Or I would not be getting my money's worth from this site... Poor, neglected web diary.
I feel like I need to acknowledge all the change that's been going on.
It feels like another year has crept up, tapped me on the shoulder, danced all around me like a kid with ADHD, slapped me across the face and left in a huff.
We spent the 2009/2010 festive season in Salva's home town in the south of italy... the land where our place is. We spent New years eve eve getting sand in our boots, wrapped in our jackets, looking at the moon's reflection on the sea as we talked about choosing each other as co-parents. Wanting to escape the firecraker-obsessed crazed lunatics that continental Europeans become on New Year's Eve, we took a bottle of red wine, and some take-away pizzas to our empty farm house to welcome 2010. We lit a fire in its enormous stone fireplace and huddled together on a fold out bed while we watched The Sopranos. I think the fire went out shortly after midnight, and we went back to the downstairs bedroom at my mother-in law's at around half twelve, where we lay listening to cheap fireworks until dawn...
This year we had dinner with friends, came home soon after midnight, and were again consistently woken by cheap firecrackers until dawn. We were even working our way through the first season of Boardwalk Empire. Anyway. I guess what I want to say is, while so much changes, so much stays the same. Like our love for HBO and mafia dramas.
I don't like to complain about time going too fast. There is some part of me that feels that if it is, it's my fault somehow. But this is a strange season for me. I celebrate-and I use the term loosely-the beginning of the new calendar year every 1st of January, and then a new year on earth a week later on my birthday. This year 2011, my 25th year and my first baby's life outside of my own body will all begin within 2 months of each other. So many changes in the air. So much happening. I can't even think about it because I'm concentrating on my breathing.
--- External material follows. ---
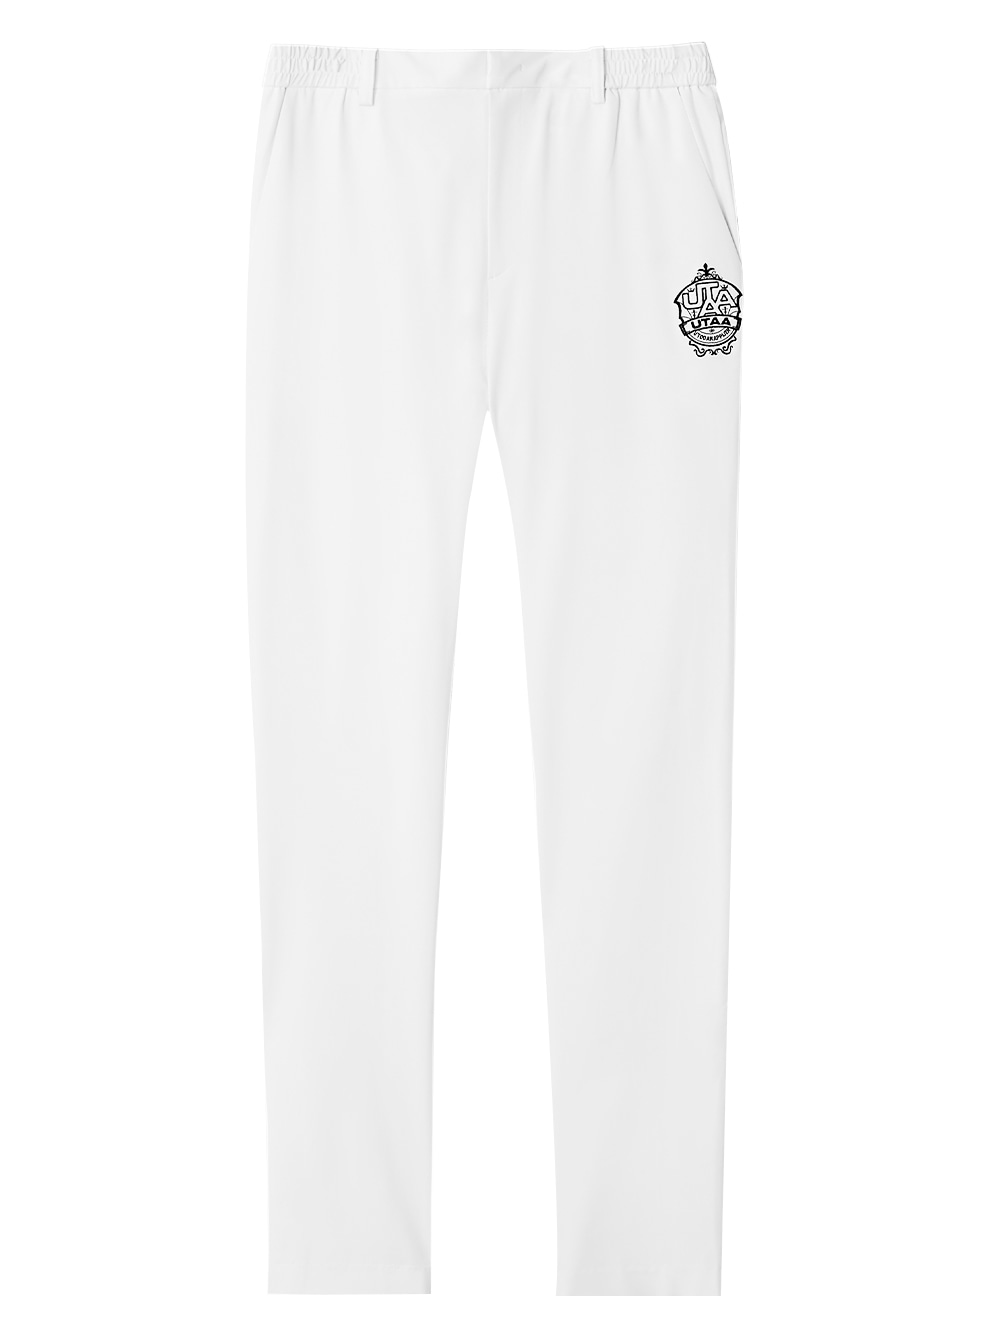 UTAA Egis Emblem Pants : Men&#039;s White (UB2PTM503WH)

Then there is my body that has swollen and morphed into something I can hardly recognise myself in. I love being pregnant. I do. I love the mystery and the early, secret connection with this girl. But I in no way expected the strange moments. The achey-ness and not remembering what I look like without this big round belly that I can't keep my hands off. One of the strangest feelings I have is the one that I'm going to really miss this.
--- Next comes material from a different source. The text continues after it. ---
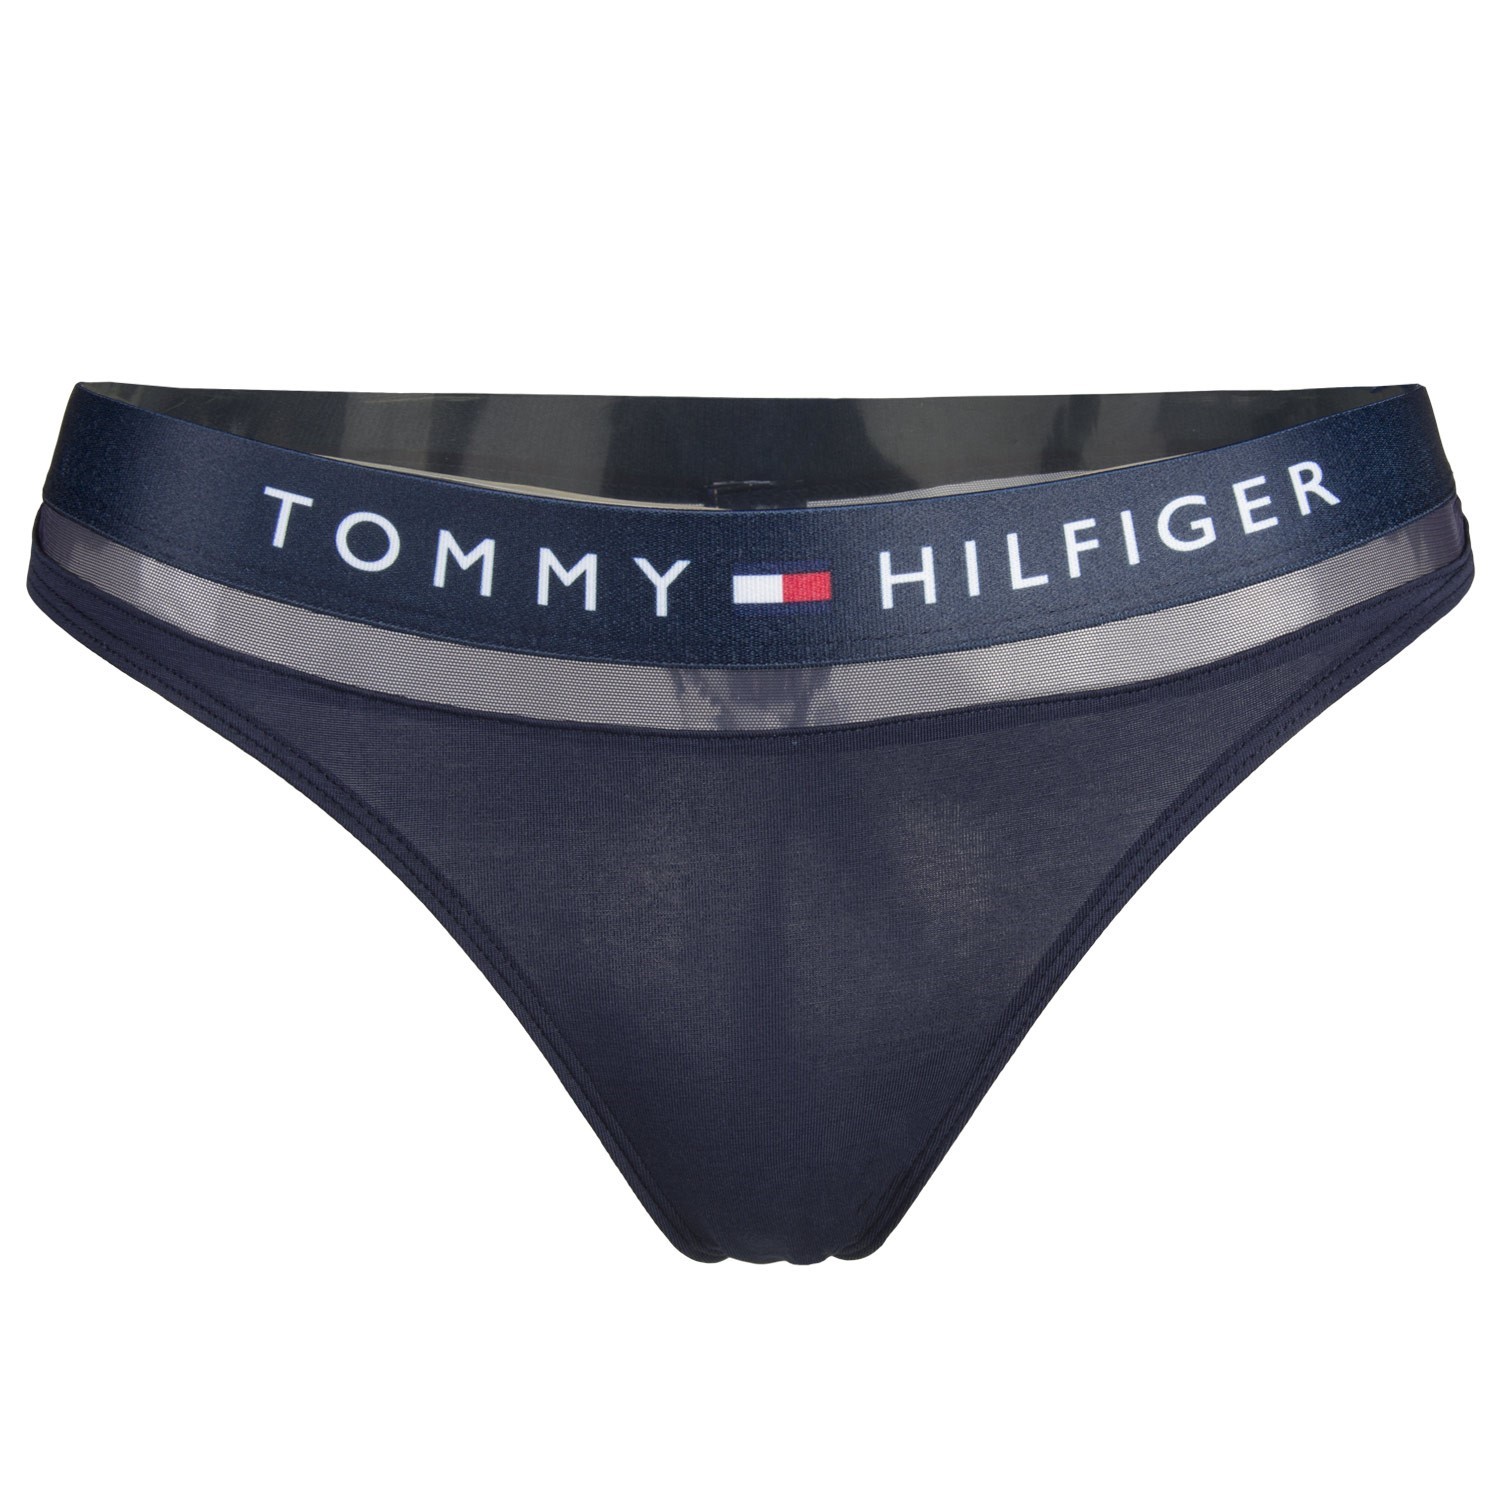 Tommy Hilfiger Thong - Thong - Briefs - Underwear - Timarco.co.uk

Salva is preparing the recording of AzzBand's first cd for next week. We are preparing a concert for Thursday night, another for next Saturday night, and will spend the weekend recording. My last concerts with this one inside.
I am madly trying to put together an arty project I have in store for September, October, knowing my time is limited. Business cards. Web site. Emailing. Still thinking about starting my masters at around the same time. Maybe I can do it all if I do all the organising now.
I am a half-hearted nester. I've been sewing cloth nappies from old towels while sipping cup after cup of rooibos tea.
My parents have been here on and off for the last 6 weeks. My Mum sewed a lining for the handmade basket we found in Granada a few months ago. Dad installed some shelving and fastened a cabinet to the wall that we have still to convert into a change-station. It was really sad when they left yesterday.
Off to see our bass player in concert with his rock band. Must try to keep blogging. There is a little bit more on my mind...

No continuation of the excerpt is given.